Most Iraqi families didn’t have that option, of course. I remember the sun-browned fingers of Radya’s mother hanging onto the windowsill of our car one day when we picked Radya up for work as her mother sobbed and begged my mother to intercede to save her son. It was her oldest son who had been drafted, the one on whom they had pinned all hopes for a brighter future for their family. “Everything will be okay,” my mother tried to reassure her. As we drove home, I in turn told a sobbing Radya, “Please don’t cry, he’ll be okay.” But the truth was no one knew it would be okay. He was headed for the front lines. Hundreds of thousands of families like theirs would lose sons; our family would lose none. The unfairness was implicit, but as gaping as fate. I came to see the poor less as living in poverty than as marginalized, shut out of the options that allow human beings to shape our own lives. If you were Shia, religious, and working class, there was always a whiff of suspicion about you. For security reasons, Radya was not allowed to come to our farmhouse even to clean. We passed Radya’s neighborhood when we drove to the farmhouse, but I never mentioned to the other girls that I had spent time there with a servant’s family.
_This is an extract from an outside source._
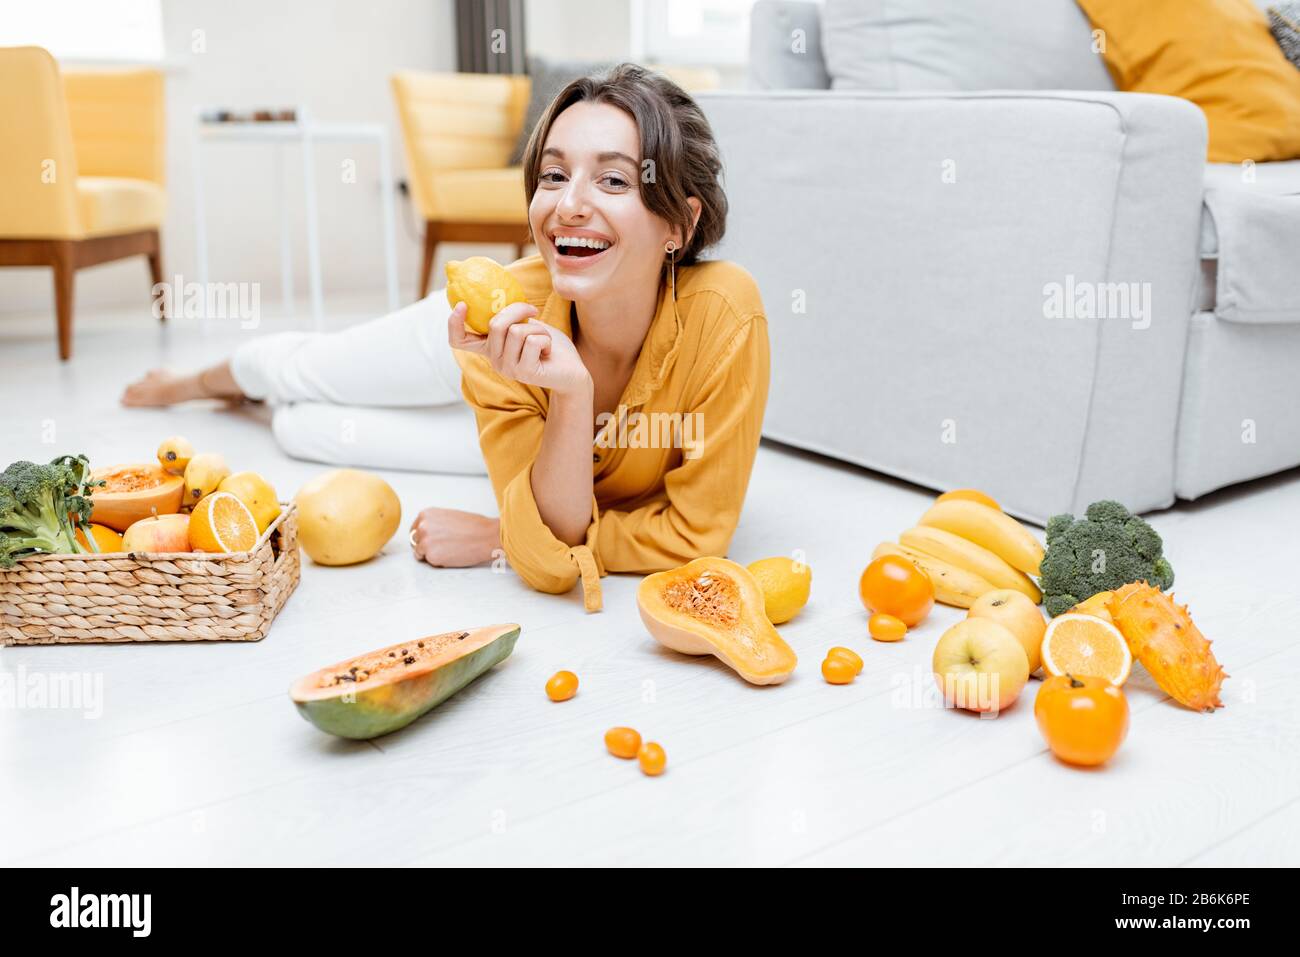 Ritratto di una giovane e allegra donna sdraiata con un sacco di frutta fresca e verdure sul pavimento a casa. Foto in giallo. Concetto di benessere, cibo sano e solitudine Foto Stock
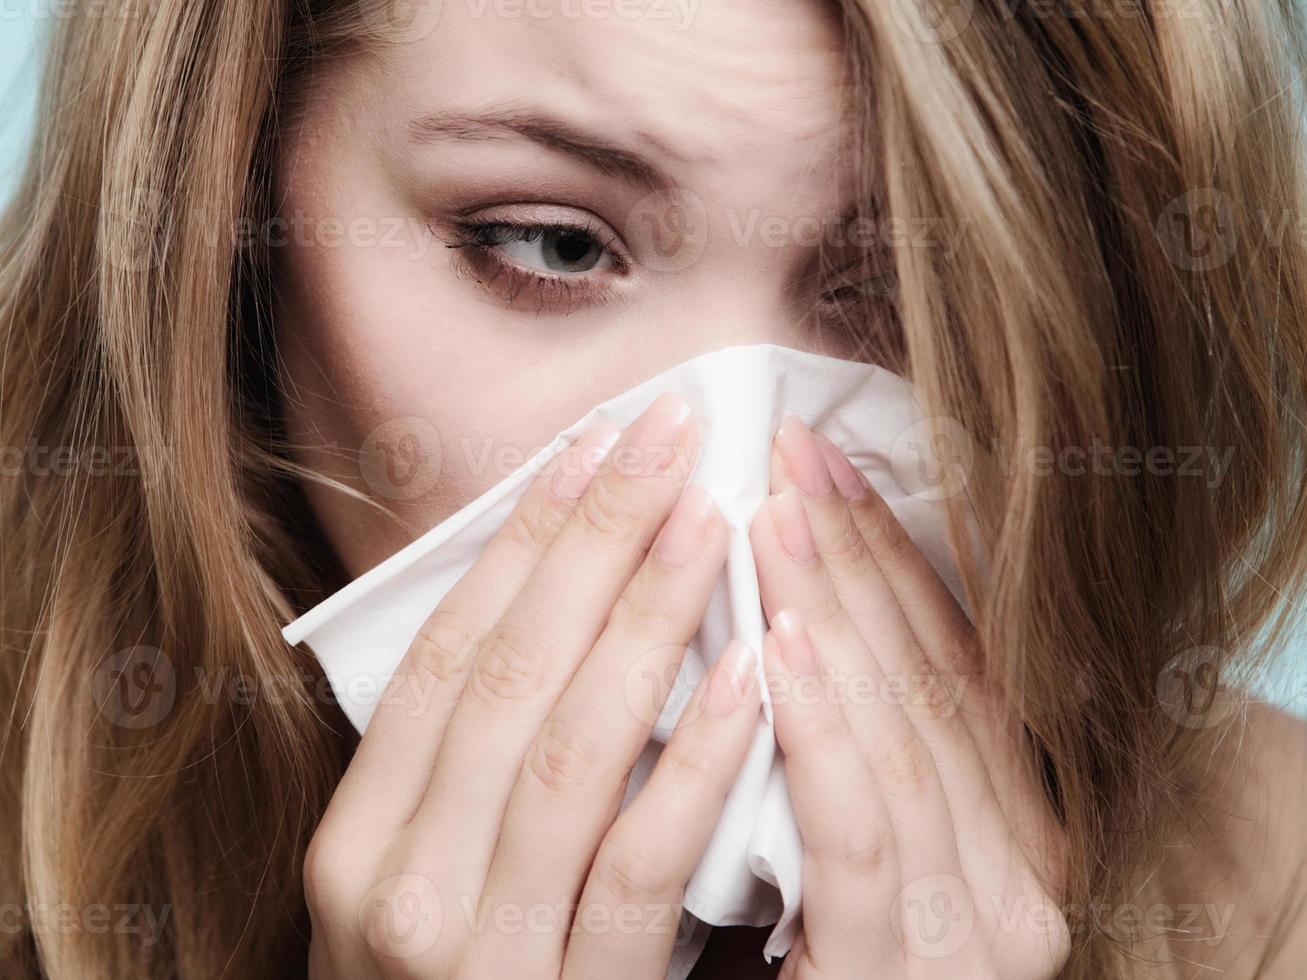 allergie grippale. fille malade éternue dans les tissus. santé photo

There were times I felt that not the smallest, most ordinary event in my life was free of Amo. I wanted nothing more than to be just an ordinary teenager doing ordinary teenaged things. When I was in high school, my cousin Naim invited me to go with him and his friends to a disco party for teenagers at the Hunting Club, a large private club where middle and upper middle class families went to swim, play tennis, watch movies, and eat. My cousins and I practically grew up there. It was the place where my father first whirled me around a dance floor and my mother sneaked extra servings of hummus when she thought no one was watching after lights went out for movies. It was in the middle of the noisy Hunting Club swimming pool that Aunt Samer criticized Amo. Excited at the prospect of an evening free with people my own age to just enjoy myself, I put on a purple disco dress with huge earrings and let my curly hair down, and I let Mama put a little makeup on my face for the first time that night. She was surprised, but this wasn’t a palace party.